■ Record excerpts

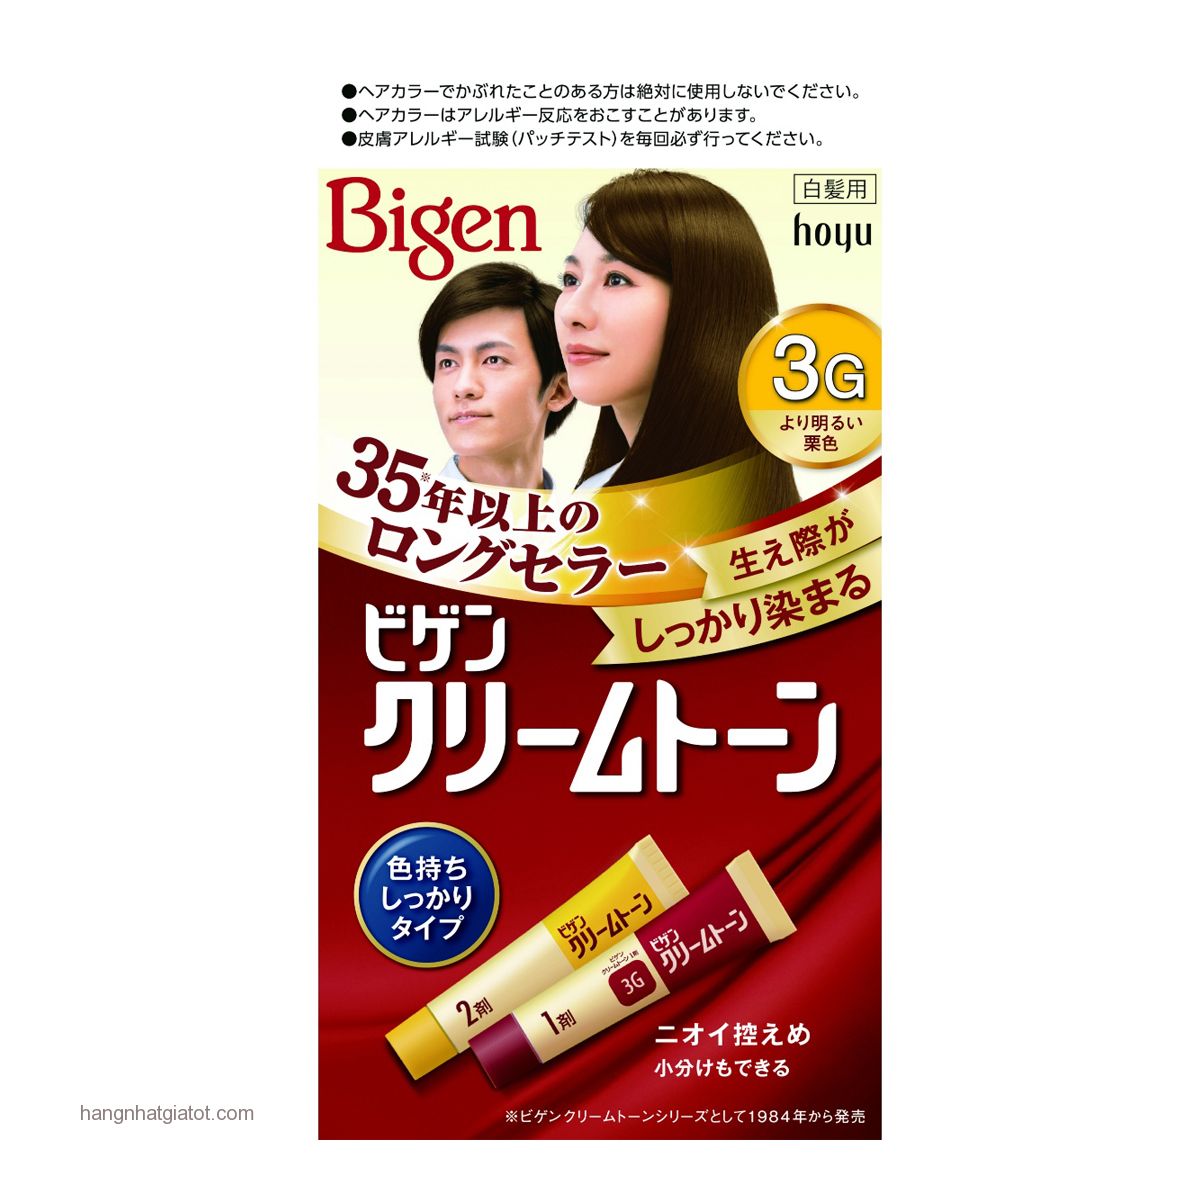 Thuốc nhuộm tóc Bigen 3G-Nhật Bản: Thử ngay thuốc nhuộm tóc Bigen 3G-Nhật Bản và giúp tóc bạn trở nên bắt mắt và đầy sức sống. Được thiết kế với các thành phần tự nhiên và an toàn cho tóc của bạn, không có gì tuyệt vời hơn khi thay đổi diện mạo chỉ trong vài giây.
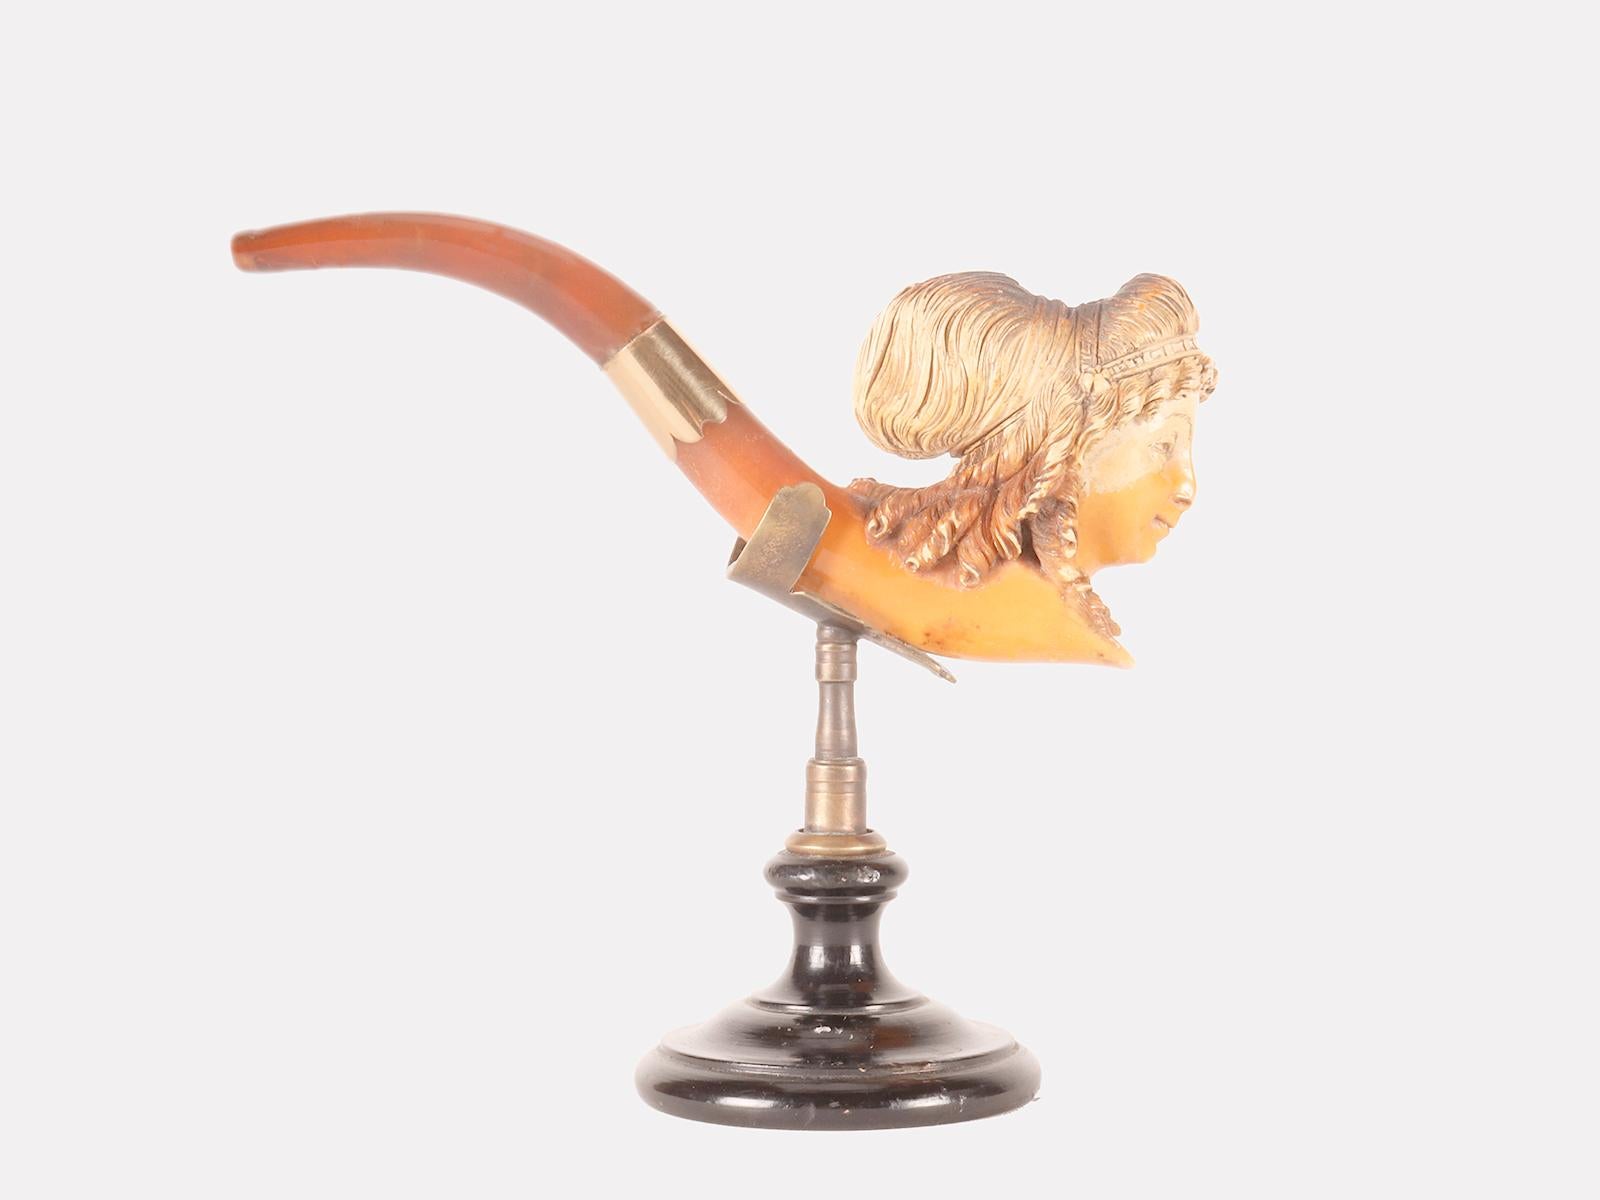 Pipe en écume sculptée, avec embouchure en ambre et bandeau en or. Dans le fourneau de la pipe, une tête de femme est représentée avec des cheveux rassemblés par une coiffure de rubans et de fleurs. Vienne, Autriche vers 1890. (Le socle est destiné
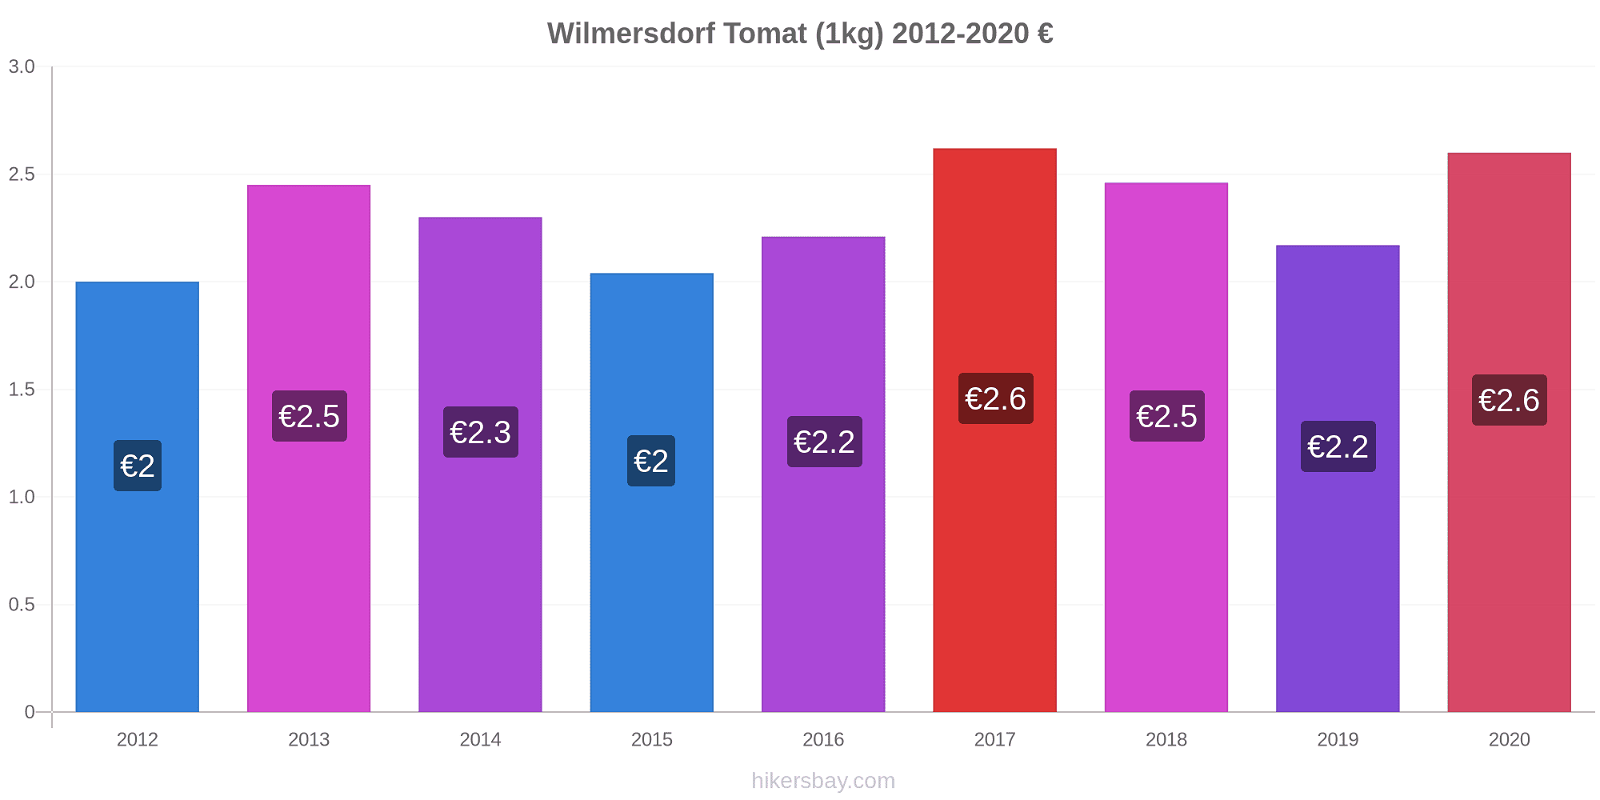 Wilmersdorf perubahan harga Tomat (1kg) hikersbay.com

==

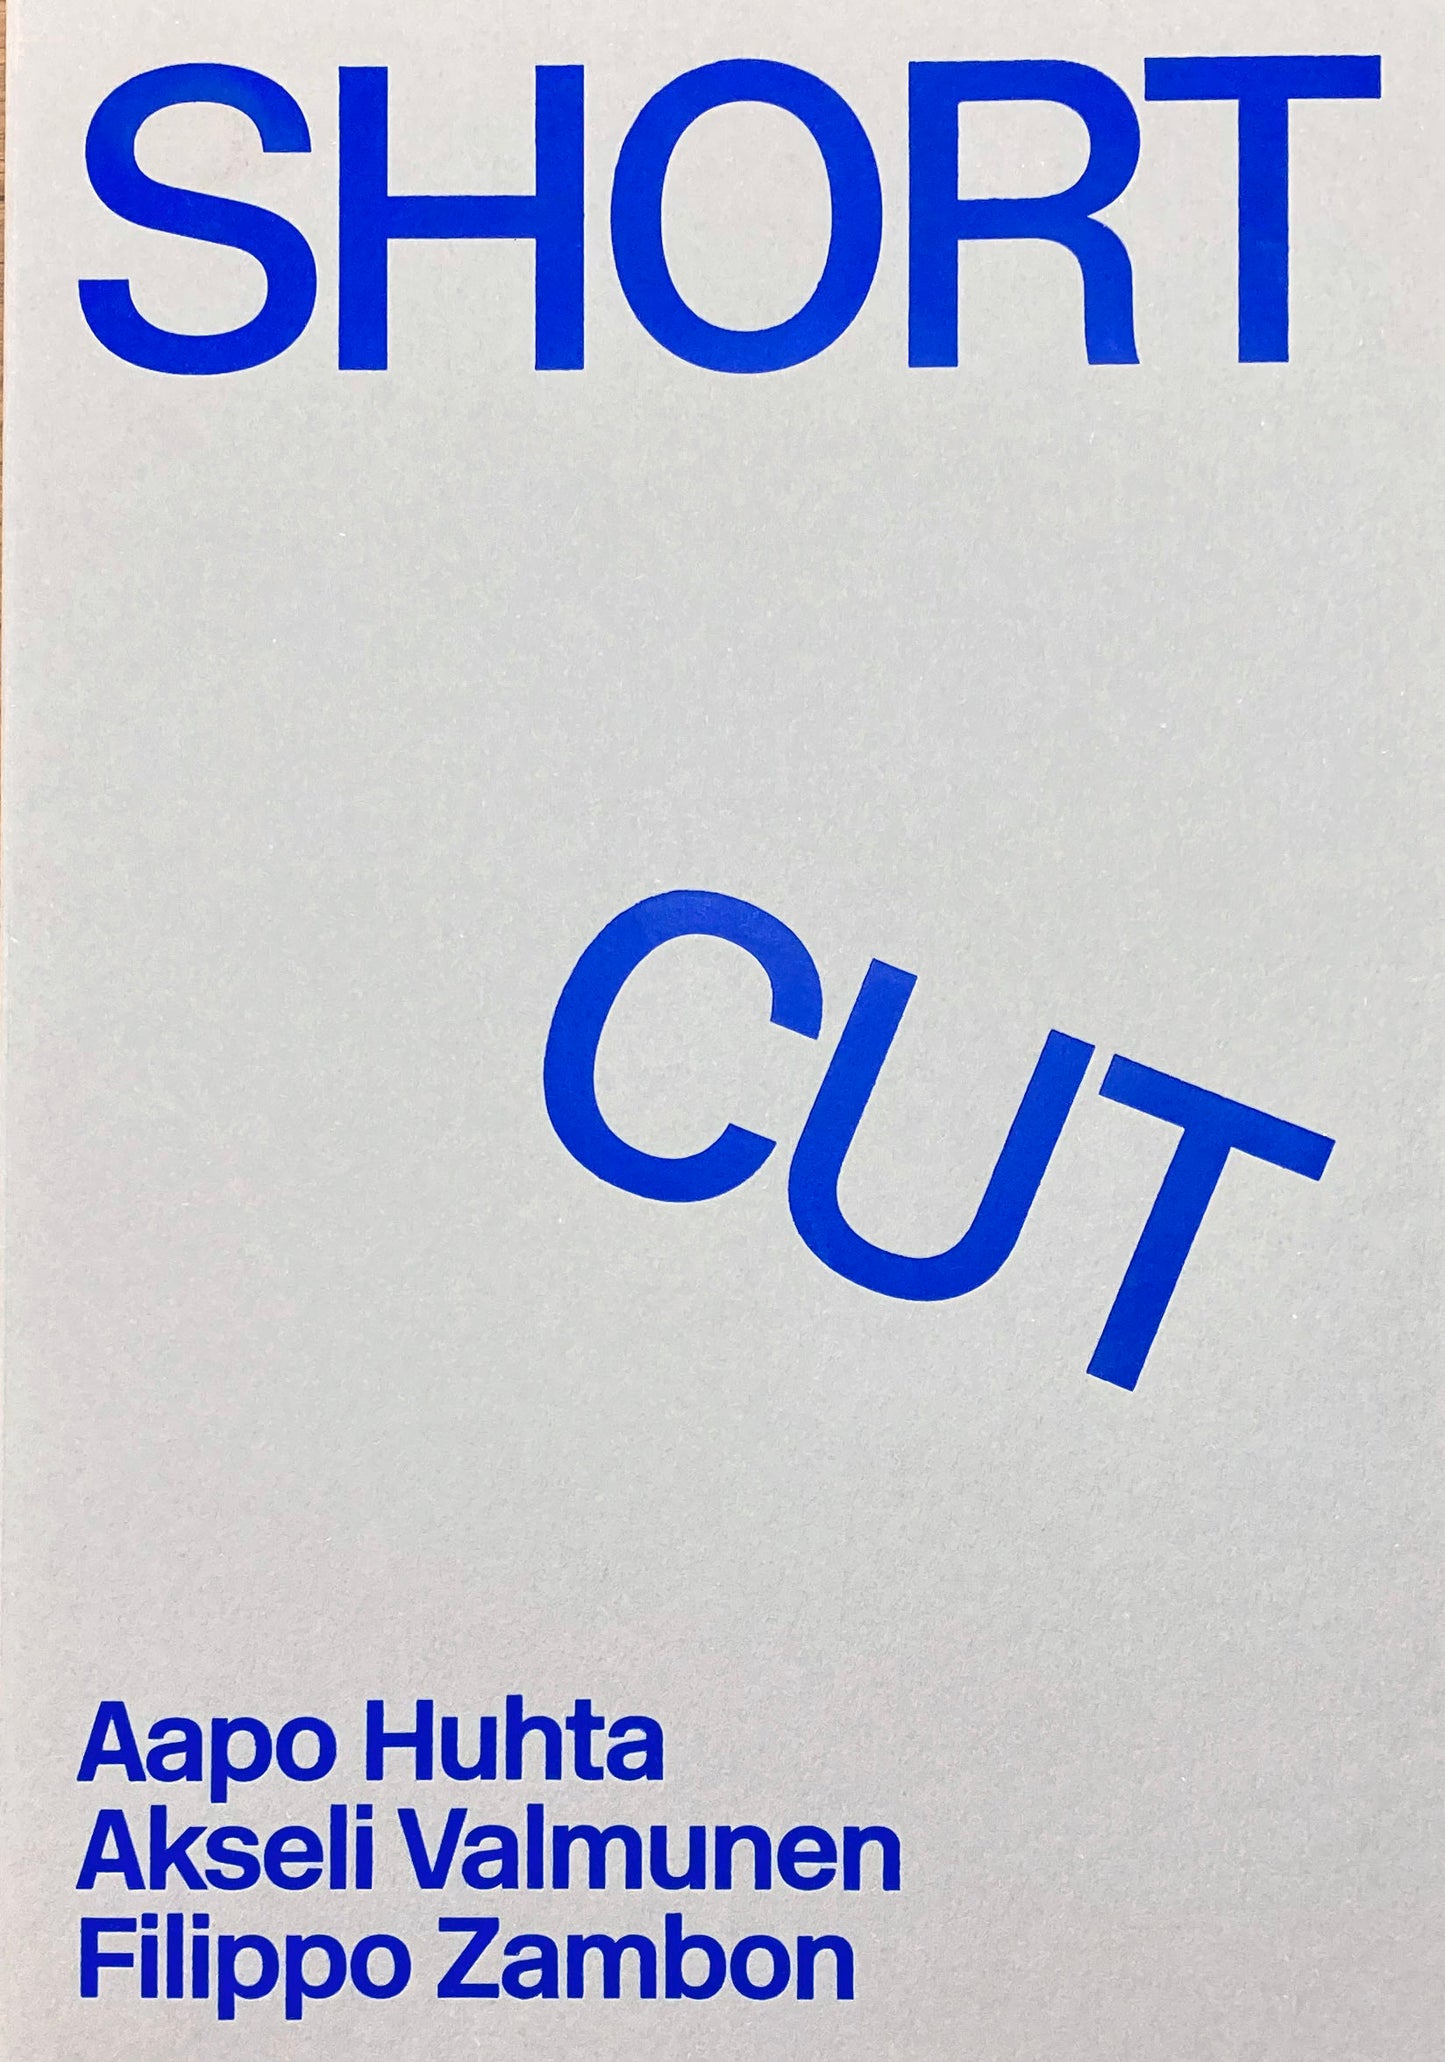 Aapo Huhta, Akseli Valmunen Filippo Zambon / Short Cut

■ Exercise description
Copy exactly the lines of the entries above from the one containing "Thuốc nhuộm tóc Bigen 3G-Nhật Bản: Thử" through the one containing "Wilmersdorf perubahan harga". Both end lines count; pictures do not.

■ Written reply
 Thuốc nhuộm tóc Bigen 3G-Nhật Bản: Thử ngay thuốc nhuộm tóc Bigen 3G-Nhật Bản và giúp tóc bạn trở nên bắt mắt và đầy sức sống. Được thiết kế với các thành phần tự nhiên và an toàn cho tóc của bạn, không có gì tuyệt vời hơn khi thay đổi diện mạo chỉ trong vài giây.
 Pipe en écume sculptée, avec embouchure en ambre et bandeau en or. Dans le fourneau de la pipe, une tête de femme est représentée avec des cheveux rassemblés par une coiffure de rubans et de fleurs. Vienne, Autriche vers 1890. (Le socle est destiné
 Wilmersdorf perubahan harga Tomat (1kg) hikersbay.com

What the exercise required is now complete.